TASK BRIEF
Retype the lines below exactly, from the one that contains "challenge mtb (2)" through the last, and leave every picture out.

DATA
*****

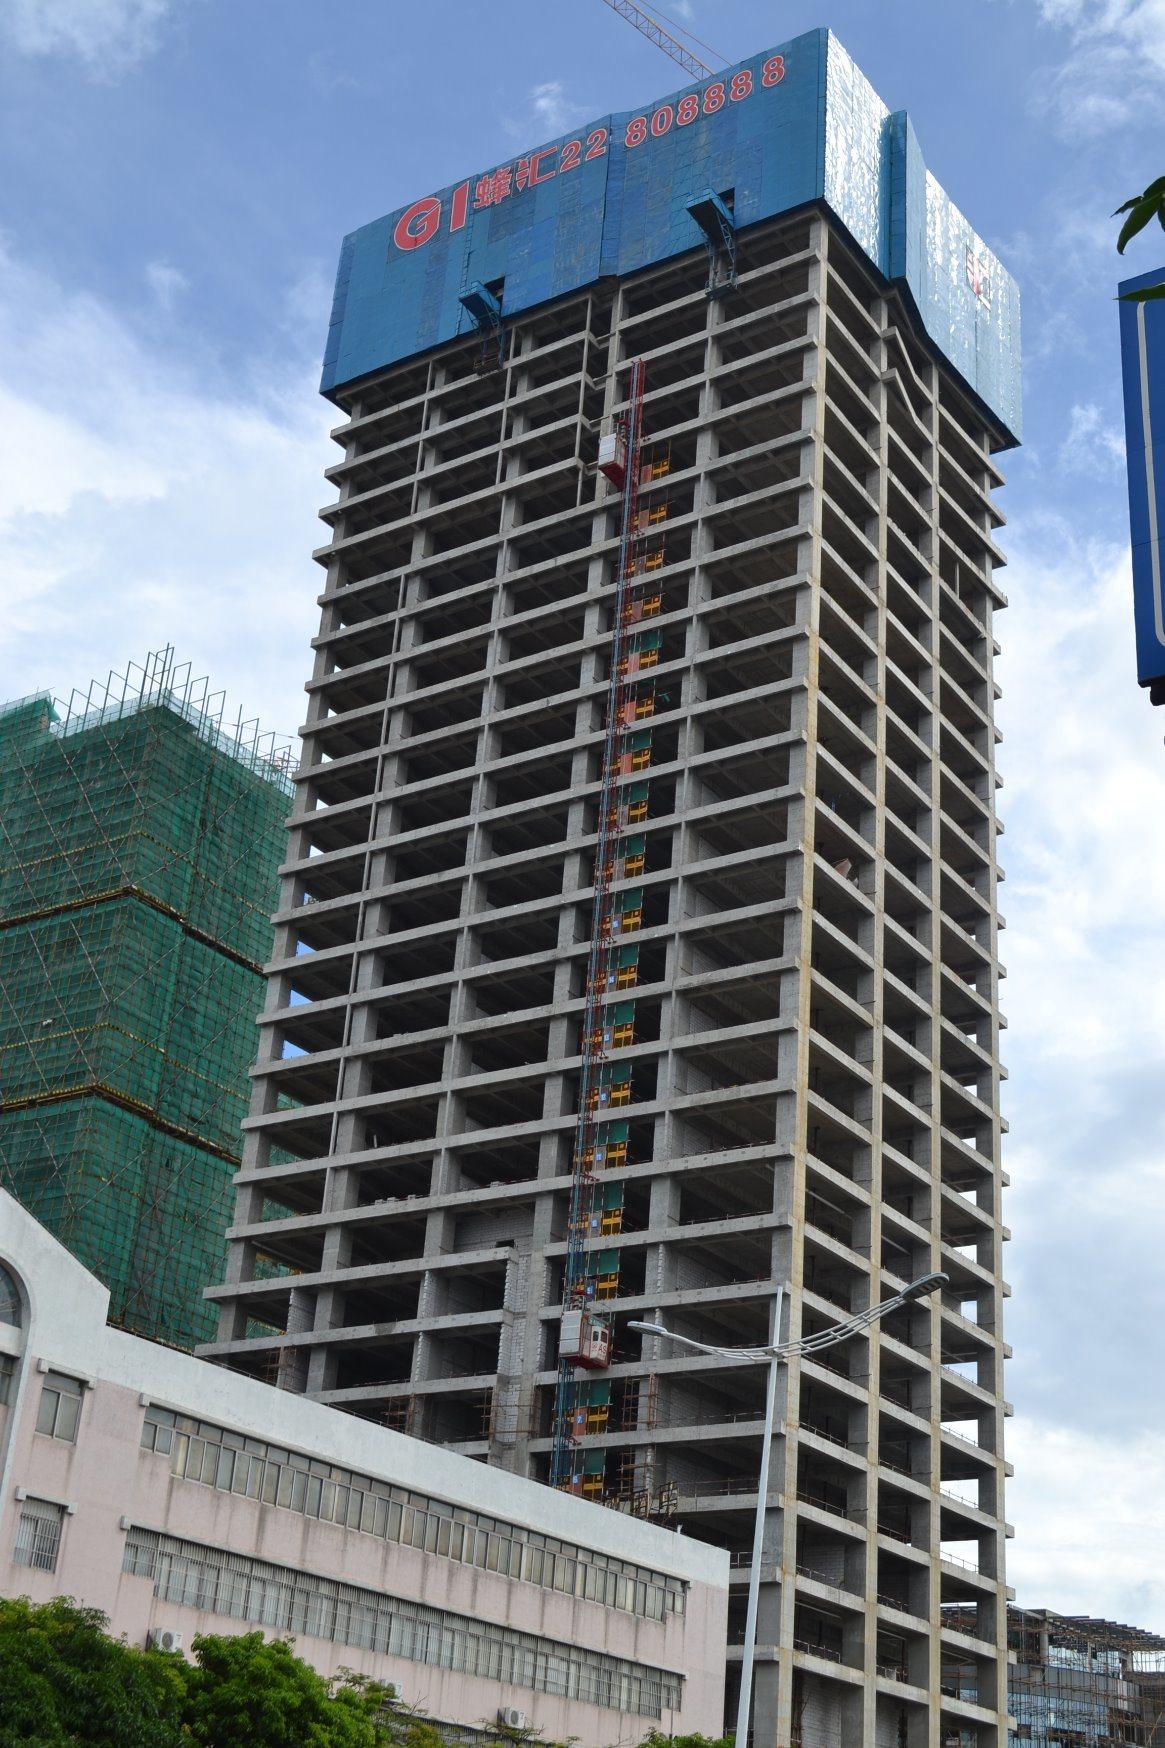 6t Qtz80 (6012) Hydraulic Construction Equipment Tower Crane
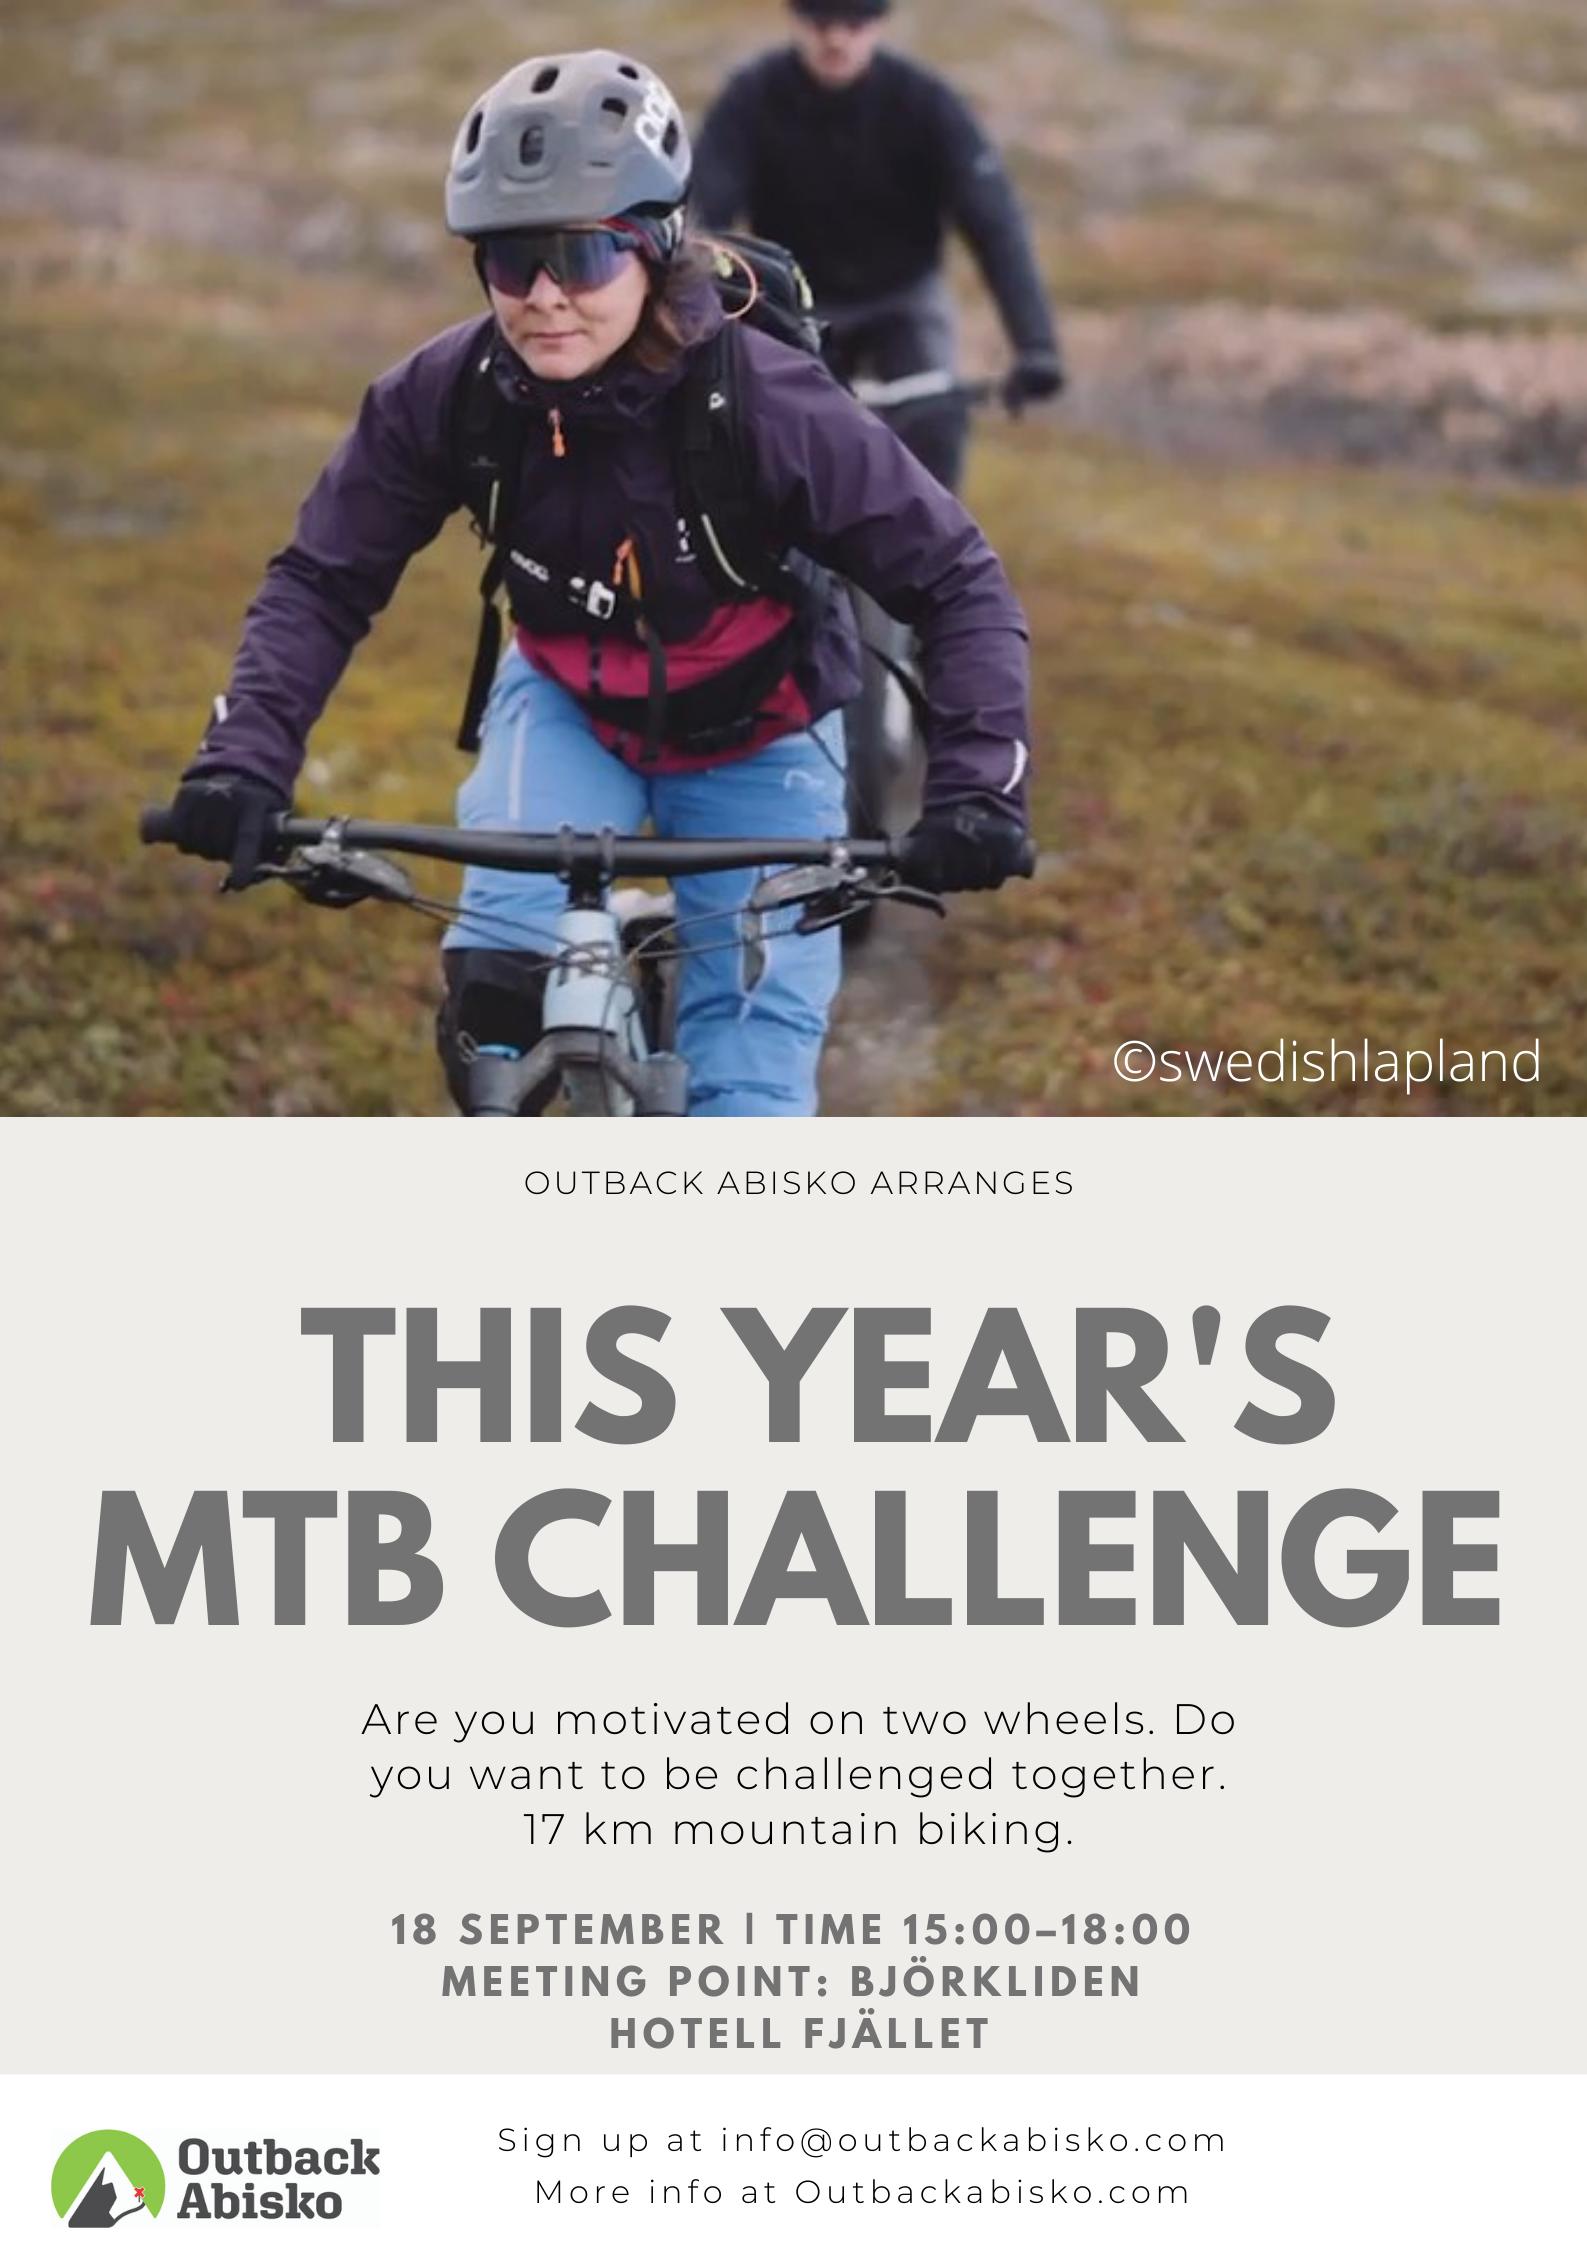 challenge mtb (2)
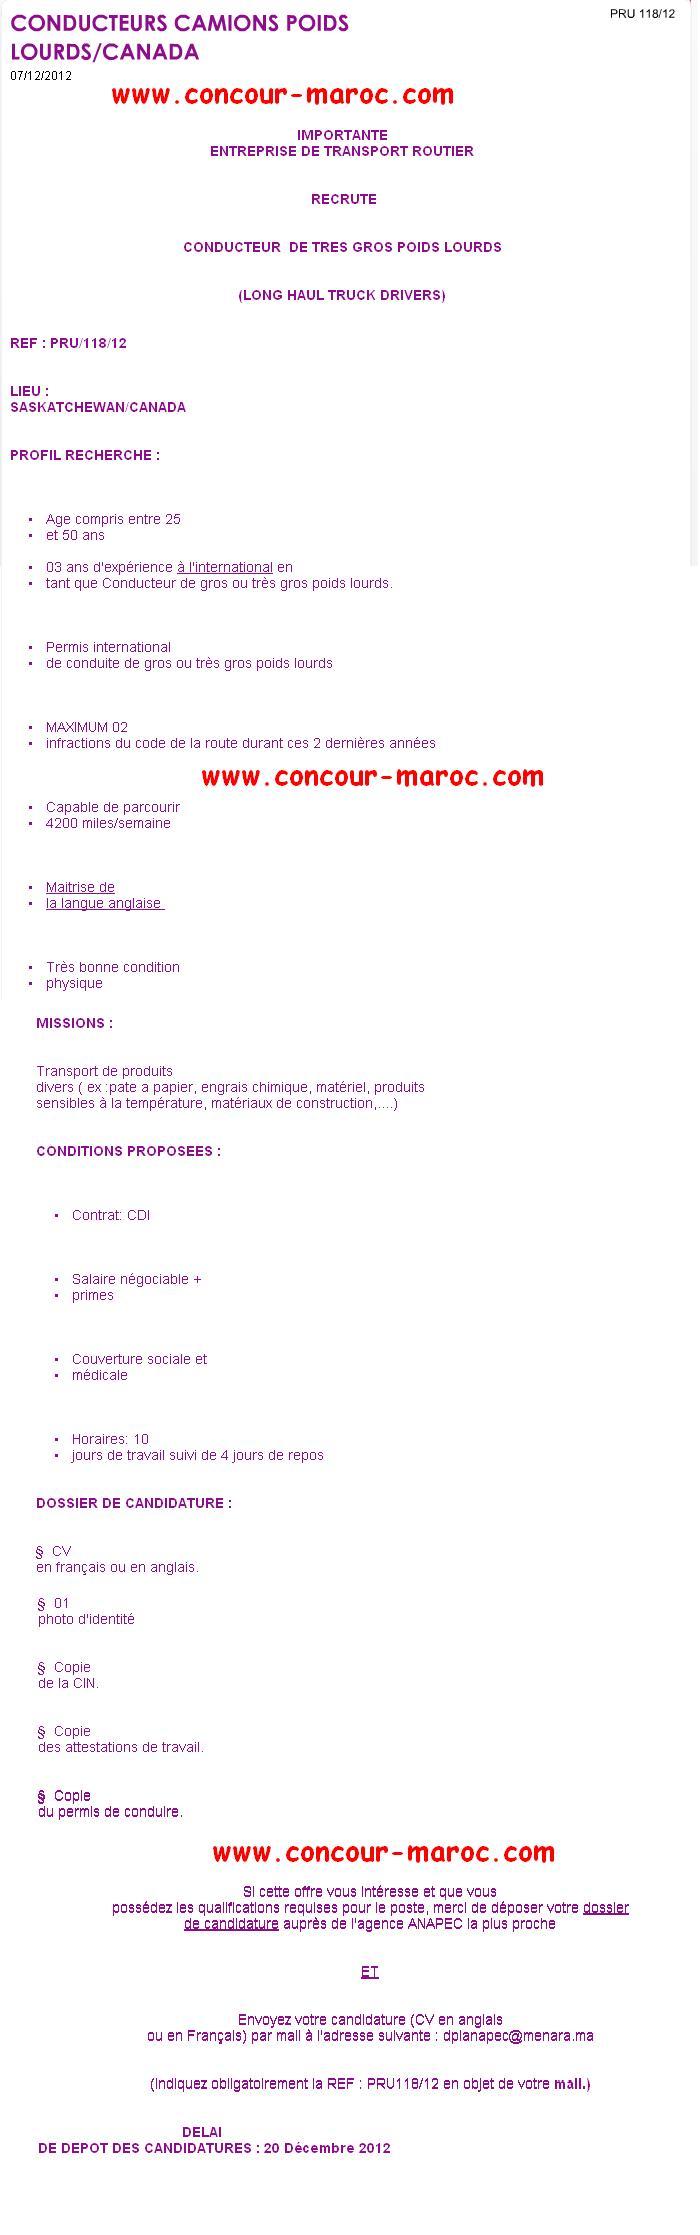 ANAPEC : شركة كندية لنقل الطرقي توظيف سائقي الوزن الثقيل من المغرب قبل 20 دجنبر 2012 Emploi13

*****

WRITTEN SOLUTION
 challenge mtb (2)
 ANAPEC : شركة كندية لنقل الطرقي توظيف سائقي الوزن الثقيل من المغرب قبل 20 دجنبر 2012 Emploi13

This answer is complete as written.